On the last day of 1600, Queen Elizabeth I granted a royal charter for fifteen years to a group of merchants for all of the trading rights to India and the Far East, which meant the vast territory east of Africa’s Cape of Good Hope and west of South America’s Straits of Magellan. The Company of Merchants of London Trading into the East Indies was the first of many incarnations of what was soon known by the more familiar East India Company. Or the Honourable Company. Or John Company. Or, colloquially in India, Company Bahadur (from the Hindi word for “brave”). Or, simply, the Company, with—always—a capital C.

At first it wasn’t looking for tea, but spices: pepper, cloves, mace, nutmeg. Flavorings to enhance food, in some cases, to preserve it, and, frequently, to cover the taste of spoiling meats drove merchants to forge distant trade routes and search the farthest known, and even unknown, reaches of the globe.
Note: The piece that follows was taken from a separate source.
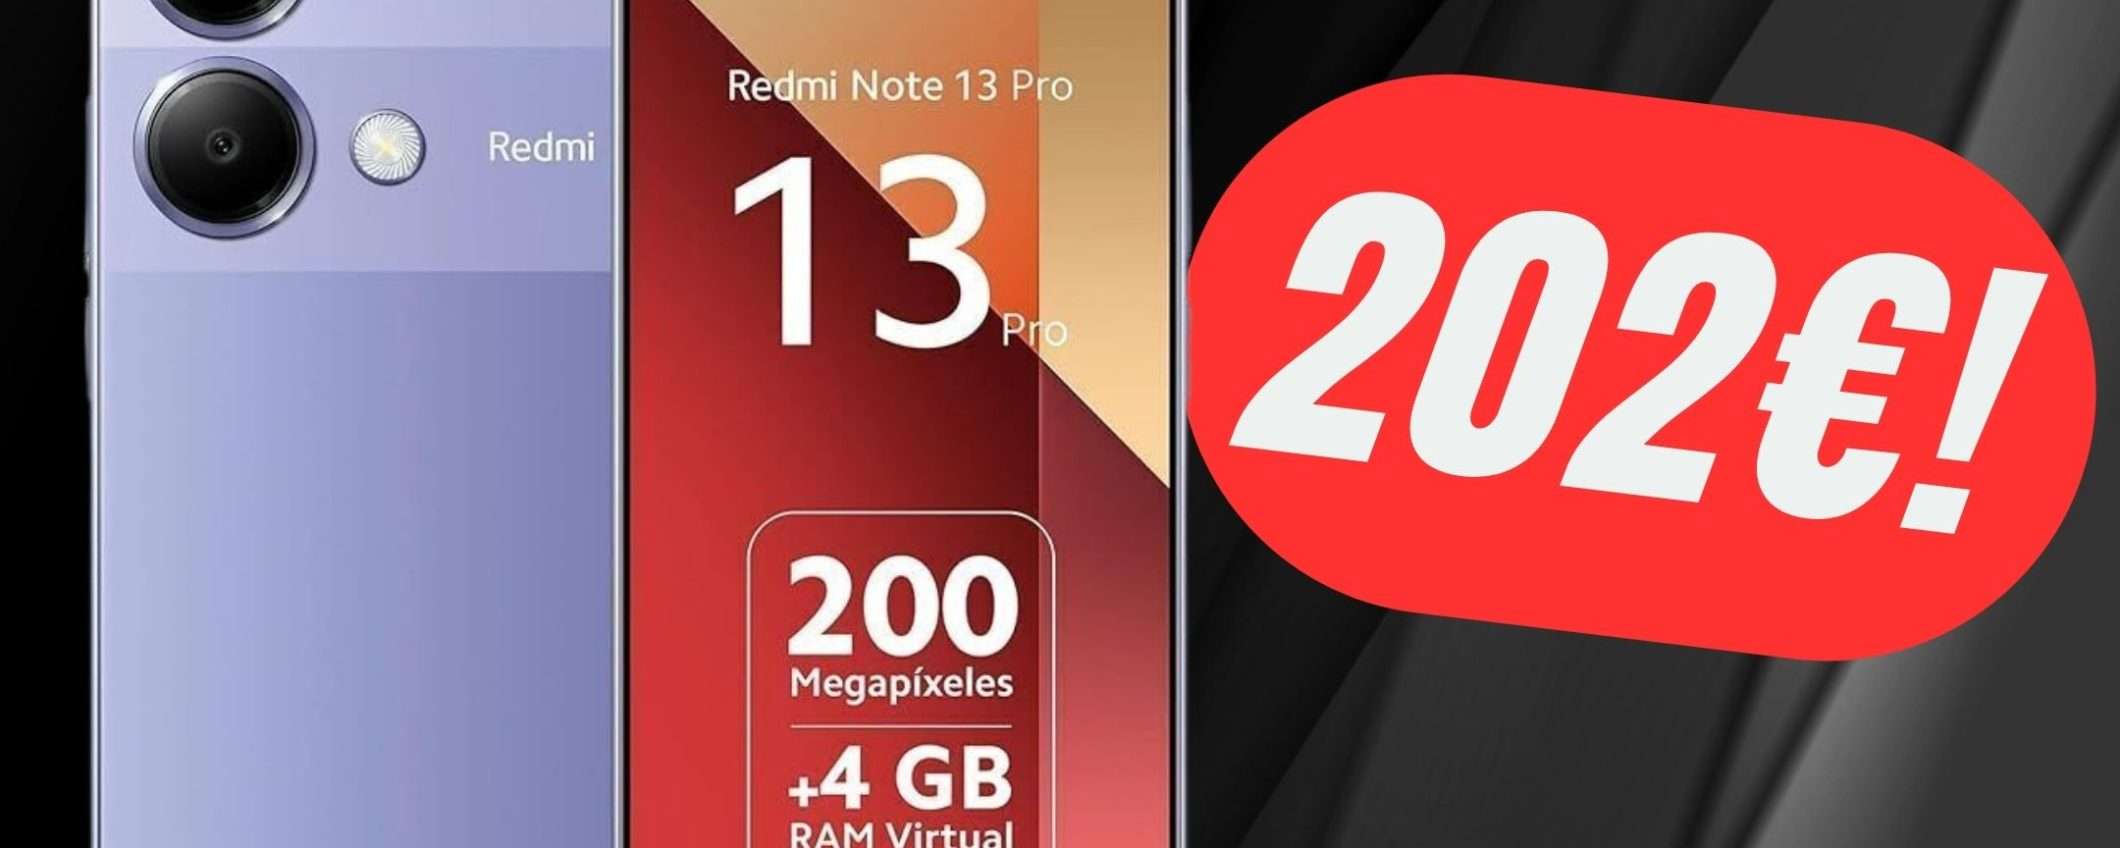 Xiaomi Redmi Note 13 Pro a 202€ è la BOMBA NOTTURNA di eBay!

Within two months of the charter’s being signed, Captain James Lancaster sailed not for India but for the East Indies—roughly the modern-day Indonesian archipelago—with a small fleet of four ships and 480 men. Two and a half years later, with an outbreak of the plague having carried away nearly 20 percent of London’s population and James I now on the throne, Lancaster returned carrying 1 million pounds of peppercorns from Sumatra in the hold of his flagship, the Red Dragon. Yet the journey was only a qualified success and the Company’s future was not immediately assured. While all four ships made it home—an impressive feat—the expedition cost the lives of 182 men, two-fifths of the crew.2 Unable to get ahold of cloves, Lancaster settled for a less valuable choice. Dumping five hundred tons of black pepper on the market drove down its value by about half, and the Company’s warehouses were overstocked in the spice for the next half dozen years.3

The Company, though, raised funds and quickly dispatched a series of further trading missions to the East Indies. With the third venture, when a haul of cloves alone turned more than a 200 percent profit,4 stakeholders began making healthy returns on their investments. In 1609 the Crown extended the Company’s monopoly. Growth was quick. By 1620, it had two hundred “factors”—agents or representatives—in more than a dozen trading posts5 that stretched from the Red Sea to Makassar on the southwestern tip of Sulawasi, Indonesia, near the Spice Islands. It also counted some thirty to forty “tall ships”—the type later known as Indiamen, with their high, raised poop and weapons—which the Company christened with names such as Peppercorn, Clove, and the particularly optimistic Trades Increase.6

Soon, but not by choice, the Company turned its attention to India. The Dutch had arrived first in the Spice Islands, and the Dutch East India Company, while smaller, exerted enough influence during the early decades of the spice trade to muscle the British out of the region and force them to set up elsewhere.7

In August 1608 an East India Company ship landed on the northwest coast of India at Surat, the principal Mughal port. While his ship returned to England, Captain William Hawkins headed inland to meet the Mughal emperor, Nuruddin Salim Jahangir, who ruled from the distant and splendid Agra. Hawkins, who spoke Turkish—not Persian, the language of the court, but Jahangir’s native tongue—made such a good impression that the Mughal ruler insisted he marry “a whyte mayden” from the palace, an Armenian. Once Hawkins was assured that she was a Christian, he did so, and, as Hawkins later wrote, “so ever after I lived content and without feare.”8

Yet a decade and succession of further envoys would pass before the Company was granted the right to reside and build some “factories,” or trading stations, where goods such as pepper could be bought when the price was low and stored until ships arrived to haul them back to Europe.